YOUR TASK
Please output the data below exactly as given, starting at its first line and stopping after the line that contains "製作陣は未承認 シャイニング を徹底検証するドキュメンタリー".

MATERIAL FOR THIS TASK
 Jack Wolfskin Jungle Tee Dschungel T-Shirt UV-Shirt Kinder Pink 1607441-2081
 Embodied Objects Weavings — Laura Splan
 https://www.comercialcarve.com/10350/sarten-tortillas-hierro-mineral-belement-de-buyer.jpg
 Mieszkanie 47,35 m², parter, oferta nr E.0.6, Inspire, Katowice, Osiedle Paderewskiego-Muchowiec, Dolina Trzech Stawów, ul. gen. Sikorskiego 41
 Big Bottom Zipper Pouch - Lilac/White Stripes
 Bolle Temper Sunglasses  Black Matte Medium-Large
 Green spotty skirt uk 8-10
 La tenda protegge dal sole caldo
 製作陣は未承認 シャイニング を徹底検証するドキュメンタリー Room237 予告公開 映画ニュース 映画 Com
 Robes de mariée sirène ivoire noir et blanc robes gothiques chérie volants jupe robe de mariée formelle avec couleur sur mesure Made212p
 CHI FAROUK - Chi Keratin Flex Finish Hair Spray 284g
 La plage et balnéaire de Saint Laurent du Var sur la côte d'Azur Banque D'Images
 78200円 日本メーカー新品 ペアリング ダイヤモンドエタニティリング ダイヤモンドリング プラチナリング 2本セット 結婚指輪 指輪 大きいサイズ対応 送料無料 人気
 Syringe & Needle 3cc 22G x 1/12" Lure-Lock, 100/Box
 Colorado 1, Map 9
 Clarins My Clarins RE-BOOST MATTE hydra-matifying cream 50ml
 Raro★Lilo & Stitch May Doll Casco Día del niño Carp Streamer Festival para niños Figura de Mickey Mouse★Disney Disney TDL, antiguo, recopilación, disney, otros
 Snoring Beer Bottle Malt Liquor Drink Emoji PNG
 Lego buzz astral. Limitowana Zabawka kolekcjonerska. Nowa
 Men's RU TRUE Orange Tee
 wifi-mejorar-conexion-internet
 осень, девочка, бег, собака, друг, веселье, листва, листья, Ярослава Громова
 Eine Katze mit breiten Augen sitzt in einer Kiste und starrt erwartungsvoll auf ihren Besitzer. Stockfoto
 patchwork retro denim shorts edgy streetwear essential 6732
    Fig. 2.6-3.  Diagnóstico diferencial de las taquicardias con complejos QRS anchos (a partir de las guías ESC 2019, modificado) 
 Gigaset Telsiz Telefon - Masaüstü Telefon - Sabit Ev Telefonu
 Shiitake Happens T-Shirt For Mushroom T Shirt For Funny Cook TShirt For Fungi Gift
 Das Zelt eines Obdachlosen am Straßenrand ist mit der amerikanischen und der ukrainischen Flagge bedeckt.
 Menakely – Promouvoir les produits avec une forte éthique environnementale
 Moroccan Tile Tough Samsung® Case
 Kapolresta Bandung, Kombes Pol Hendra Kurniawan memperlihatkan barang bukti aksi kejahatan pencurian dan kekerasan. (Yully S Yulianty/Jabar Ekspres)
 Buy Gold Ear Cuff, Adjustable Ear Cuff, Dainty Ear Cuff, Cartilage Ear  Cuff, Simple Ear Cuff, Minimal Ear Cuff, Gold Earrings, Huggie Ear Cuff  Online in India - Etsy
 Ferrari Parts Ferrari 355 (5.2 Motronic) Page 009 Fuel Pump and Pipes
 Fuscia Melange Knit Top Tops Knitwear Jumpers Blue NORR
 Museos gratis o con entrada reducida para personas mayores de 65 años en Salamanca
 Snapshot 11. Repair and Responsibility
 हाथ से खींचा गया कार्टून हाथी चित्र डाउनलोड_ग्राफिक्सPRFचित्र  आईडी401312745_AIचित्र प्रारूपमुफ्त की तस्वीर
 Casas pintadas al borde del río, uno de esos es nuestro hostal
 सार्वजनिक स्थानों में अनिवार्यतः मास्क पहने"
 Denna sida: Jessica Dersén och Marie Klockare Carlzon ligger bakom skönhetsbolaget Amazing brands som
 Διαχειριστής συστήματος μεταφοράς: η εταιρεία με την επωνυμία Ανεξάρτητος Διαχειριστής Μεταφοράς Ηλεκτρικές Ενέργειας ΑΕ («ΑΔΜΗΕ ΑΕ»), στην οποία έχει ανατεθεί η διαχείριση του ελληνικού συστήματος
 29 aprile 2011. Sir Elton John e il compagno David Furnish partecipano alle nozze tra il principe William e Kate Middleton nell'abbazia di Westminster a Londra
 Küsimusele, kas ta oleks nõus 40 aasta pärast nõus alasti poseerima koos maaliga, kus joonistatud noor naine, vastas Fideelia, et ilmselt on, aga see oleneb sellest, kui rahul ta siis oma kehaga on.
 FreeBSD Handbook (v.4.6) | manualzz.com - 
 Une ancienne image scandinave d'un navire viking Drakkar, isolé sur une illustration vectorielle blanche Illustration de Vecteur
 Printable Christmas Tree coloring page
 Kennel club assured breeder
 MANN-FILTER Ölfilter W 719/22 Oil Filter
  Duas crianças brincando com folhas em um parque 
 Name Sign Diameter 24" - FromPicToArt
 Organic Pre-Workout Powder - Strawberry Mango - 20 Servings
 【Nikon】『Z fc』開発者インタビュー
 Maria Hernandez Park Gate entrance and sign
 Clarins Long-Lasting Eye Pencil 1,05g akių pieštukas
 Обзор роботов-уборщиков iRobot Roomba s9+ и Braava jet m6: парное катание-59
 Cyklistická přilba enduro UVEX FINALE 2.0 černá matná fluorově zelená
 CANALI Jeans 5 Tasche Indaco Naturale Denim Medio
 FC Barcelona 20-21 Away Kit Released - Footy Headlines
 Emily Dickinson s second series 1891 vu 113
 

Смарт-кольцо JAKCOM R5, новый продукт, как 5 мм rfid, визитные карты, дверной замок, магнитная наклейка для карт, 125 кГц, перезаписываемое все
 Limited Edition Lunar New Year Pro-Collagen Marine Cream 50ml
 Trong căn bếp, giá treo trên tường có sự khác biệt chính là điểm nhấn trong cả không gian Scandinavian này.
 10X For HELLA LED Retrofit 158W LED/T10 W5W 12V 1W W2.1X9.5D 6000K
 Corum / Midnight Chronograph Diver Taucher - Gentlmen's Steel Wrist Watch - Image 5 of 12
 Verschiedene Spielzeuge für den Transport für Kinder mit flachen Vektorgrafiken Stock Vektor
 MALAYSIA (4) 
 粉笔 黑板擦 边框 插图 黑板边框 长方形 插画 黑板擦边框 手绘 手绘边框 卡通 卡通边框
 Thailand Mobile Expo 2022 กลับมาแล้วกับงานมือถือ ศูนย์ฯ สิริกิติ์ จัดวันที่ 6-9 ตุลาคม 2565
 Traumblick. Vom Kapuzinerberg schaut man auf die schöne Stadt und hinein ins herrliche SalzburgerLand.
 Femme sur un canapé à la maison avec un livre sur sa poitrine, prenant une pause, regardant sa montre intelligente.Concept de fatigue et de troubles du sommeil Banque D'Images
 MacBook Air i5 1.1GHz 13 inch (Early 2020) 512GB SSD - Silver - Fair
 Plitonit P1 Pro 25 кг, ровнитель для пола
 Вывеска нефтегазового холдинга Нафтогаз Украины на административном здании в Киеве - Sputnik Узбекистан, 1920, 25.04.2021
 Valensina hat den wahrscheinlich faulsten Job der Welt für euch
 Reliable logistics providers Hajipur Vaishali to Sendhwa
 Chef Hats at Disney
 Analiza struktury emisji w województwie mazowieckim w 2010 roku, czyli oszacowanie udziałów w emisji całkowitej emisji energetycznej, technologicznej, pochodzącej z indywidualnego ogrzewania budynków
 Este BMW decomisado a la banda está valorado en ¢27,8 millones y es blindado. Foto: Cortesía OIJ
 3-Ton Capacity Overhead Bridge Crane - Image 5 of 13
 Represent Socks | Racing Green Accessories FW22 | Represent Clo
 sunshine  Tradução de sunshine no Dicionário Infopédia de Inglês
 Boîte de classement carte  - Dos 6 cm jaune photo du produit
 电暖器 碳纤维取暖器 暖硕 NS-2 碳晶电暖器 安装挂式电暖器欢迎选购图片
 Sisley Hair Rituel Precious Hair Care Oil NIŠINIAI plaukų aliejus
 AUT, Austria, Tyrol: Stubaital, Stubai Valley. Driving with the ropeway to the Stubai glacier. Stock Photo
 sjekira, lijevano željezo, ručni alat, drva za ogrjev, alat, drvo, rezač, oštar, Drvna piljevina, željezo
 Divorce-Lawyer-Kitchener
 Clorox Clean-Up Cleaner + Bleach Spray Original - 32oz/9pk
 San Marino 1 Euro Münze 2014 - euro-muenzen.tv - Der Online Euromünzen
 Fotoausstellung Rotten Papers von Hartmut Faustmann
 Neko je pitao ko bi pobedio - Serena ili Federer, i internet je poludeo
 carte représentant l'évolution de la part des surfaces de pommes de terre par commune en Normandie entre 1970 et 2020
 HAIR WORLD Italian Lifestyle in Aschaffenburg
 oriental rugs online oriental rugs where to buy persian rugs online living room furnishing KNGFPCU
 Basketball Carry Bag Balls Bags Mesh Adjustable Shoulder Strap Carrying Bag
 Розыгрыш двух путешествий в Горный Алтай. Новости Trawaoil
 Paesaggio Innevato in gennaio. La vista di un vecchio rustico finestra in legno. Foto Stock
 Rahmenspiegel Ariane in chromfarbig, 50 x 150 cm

RESPONSE TO THIS TASK
 Jack Wolfskin Jungle Tee Dschungel T-Shirt UV-Shirt Kinder Pink 1607441-2081
 Embodied Objects Weavings — Laura Splan
 https://www.comercialcarve.com/10350/sarten-tortillas-hierro-mineral-belement-de-buyer.jpg
 Mieszkanie 47,35 m², parter, oferta nr E.0.6, Inspire, Katowice, Osiedle Paderewskiego-Muchowiec, Dolina Trzech Stawów, ul. gen. Sikorskiego 41
 Big Bottom Zipper Pouch - Lilac/White Stripes
 Bolle Temper Sunglasses  Black Matte Medium-Large
 Green spotty skirt uk 8-10
 La tenda protegge dal sole caldo
 製作陣は未承認 シャイニング を徹底検証するドキュメンタリー Room237 予告公開 映画ニュース 映画 Com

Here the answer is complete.